■ **Work order**
Each line of the data must be given back verbatim, with pictures removed.

*** Opening Recorded data ***

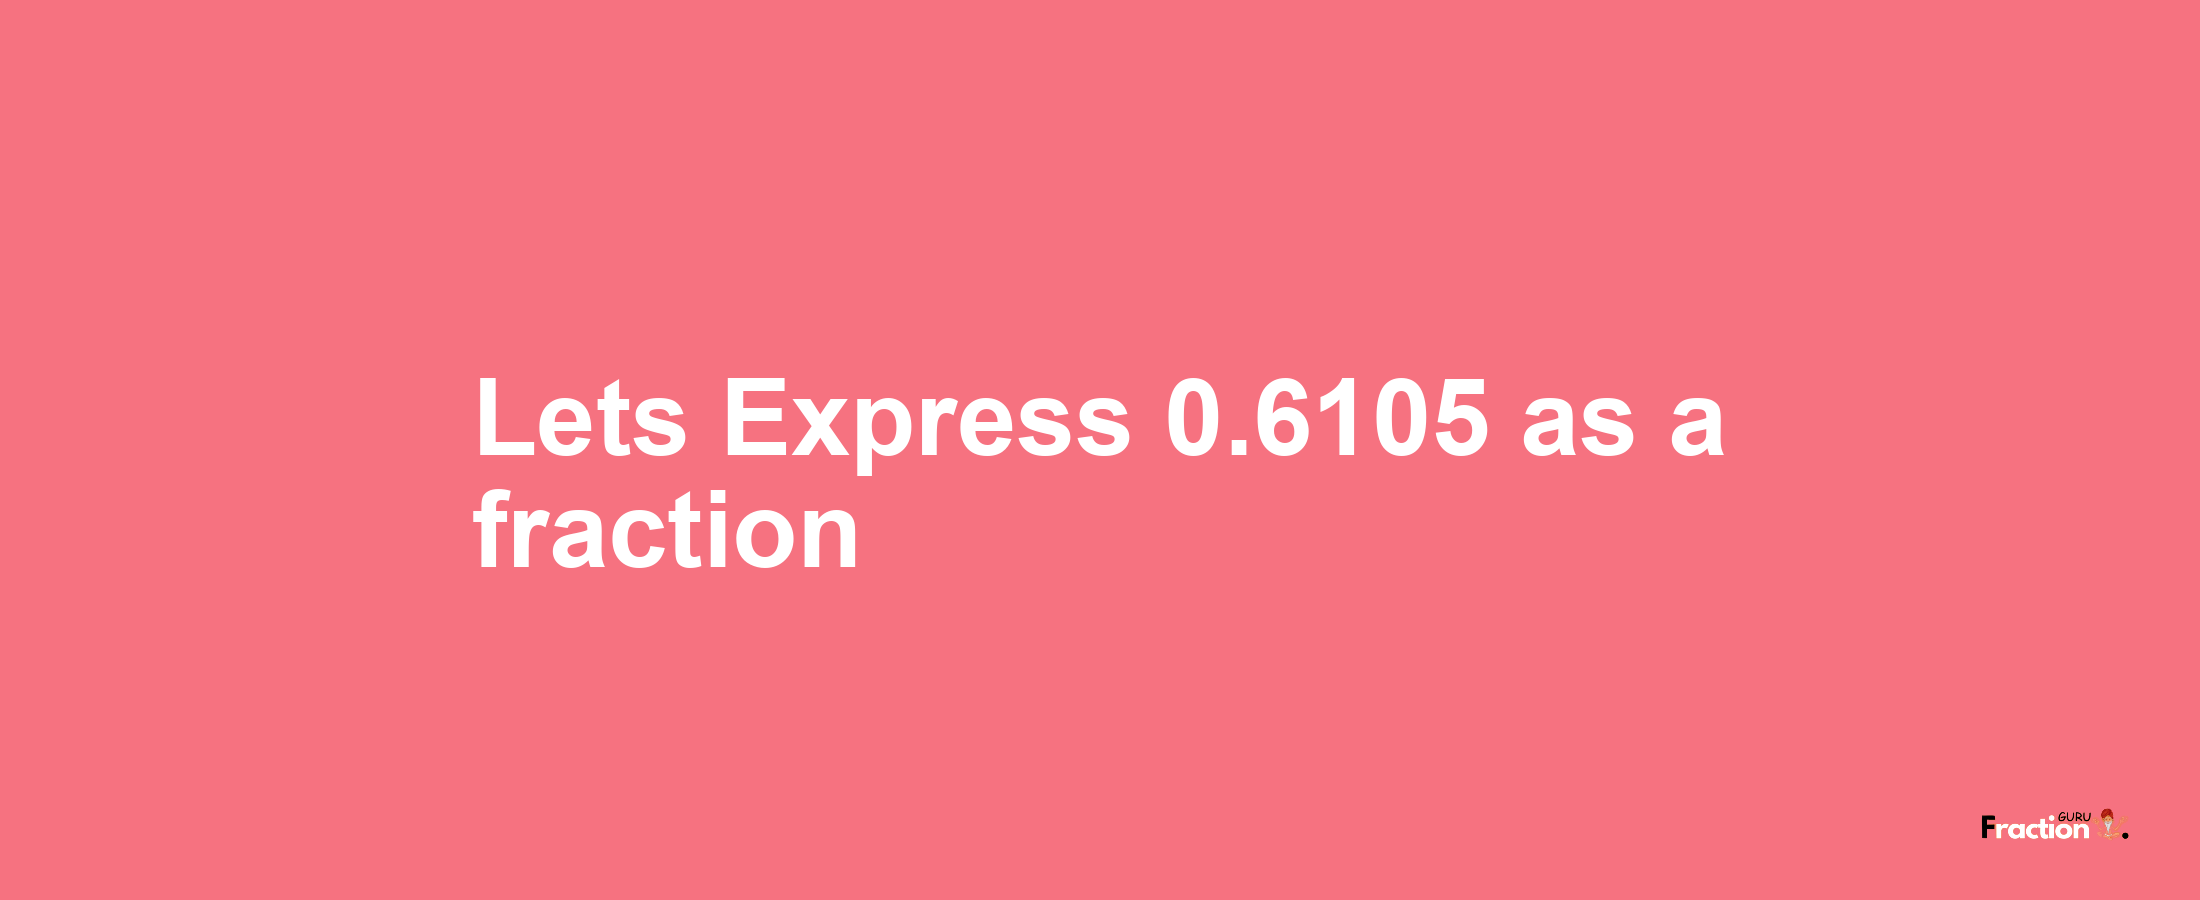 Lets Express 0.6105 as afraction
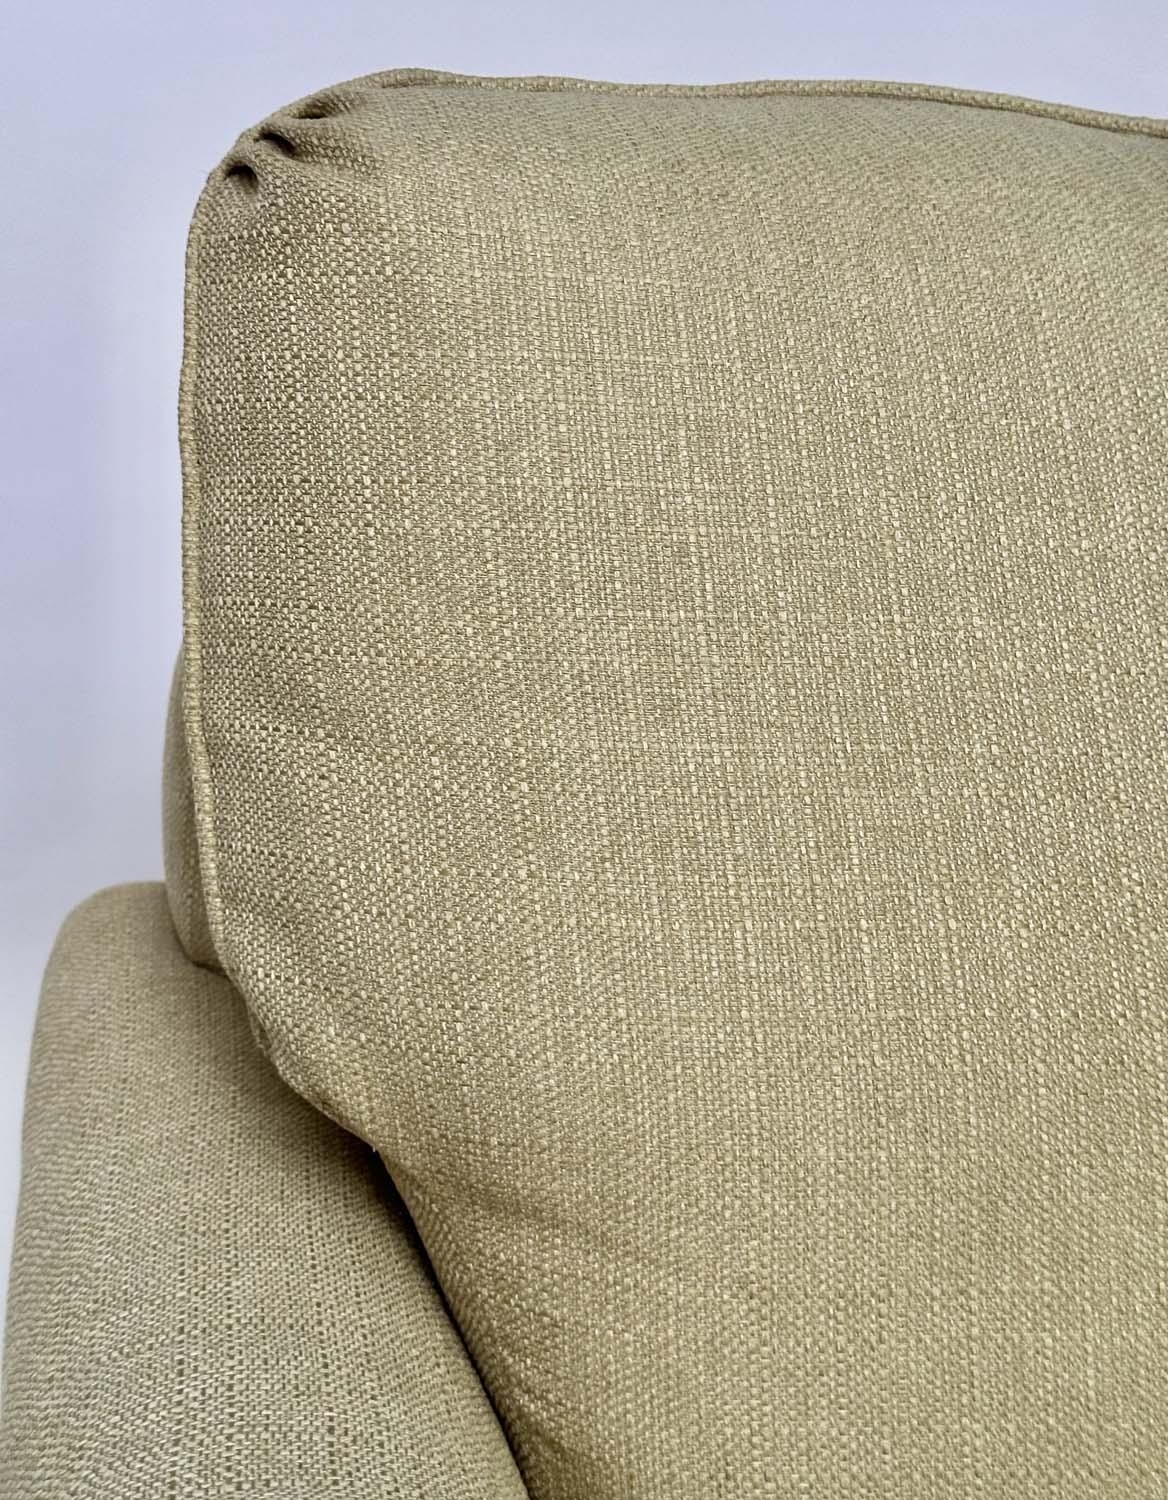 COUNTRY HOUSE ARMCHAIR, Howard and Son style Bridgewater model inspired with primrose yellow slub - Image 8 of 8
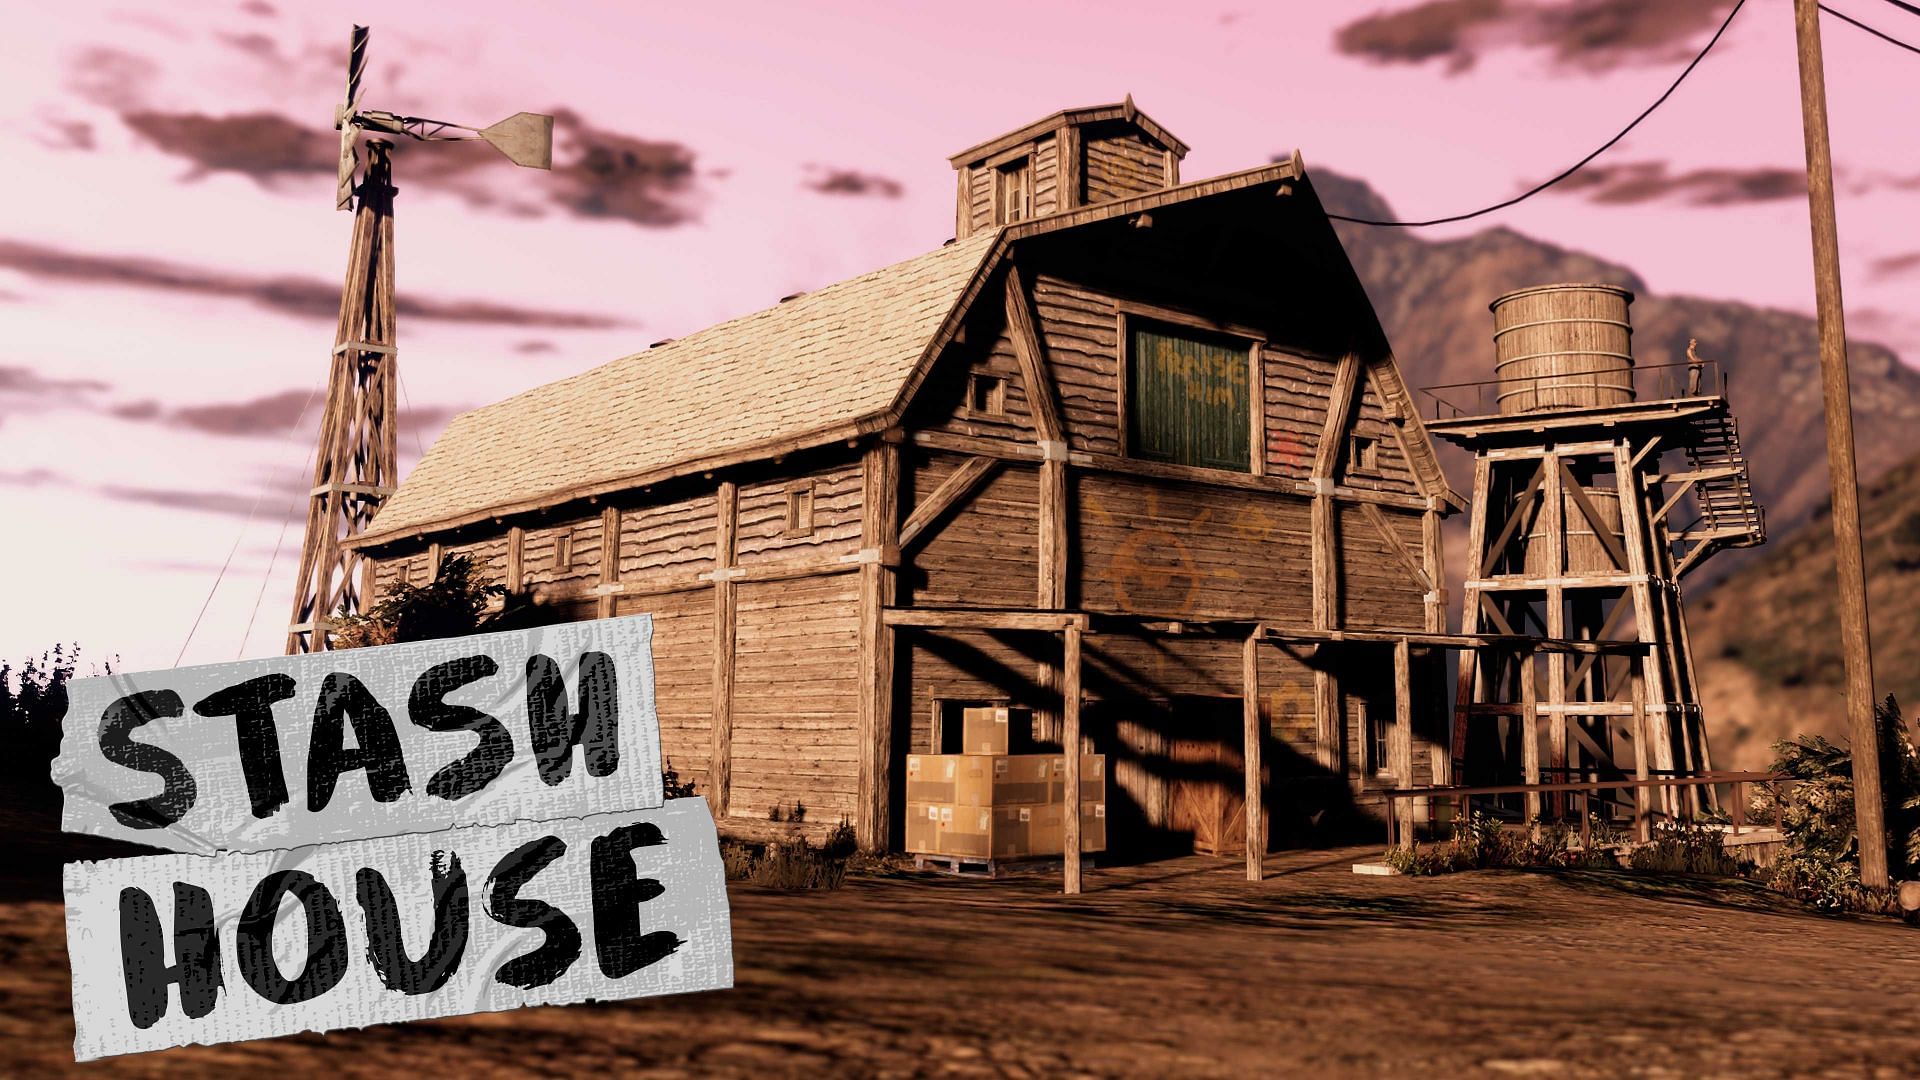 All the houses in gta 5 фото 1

*** Closing Recorded data ***

■ **Answer to this task**
 Lets Express 0.6105 as afraction
 COUNTRY HOUSE ARMCHAIR, Howard and Son style Bridgewater model inspired with primrose yellow slub - Image 8 of 8
 All the houses in gta 5 фото 1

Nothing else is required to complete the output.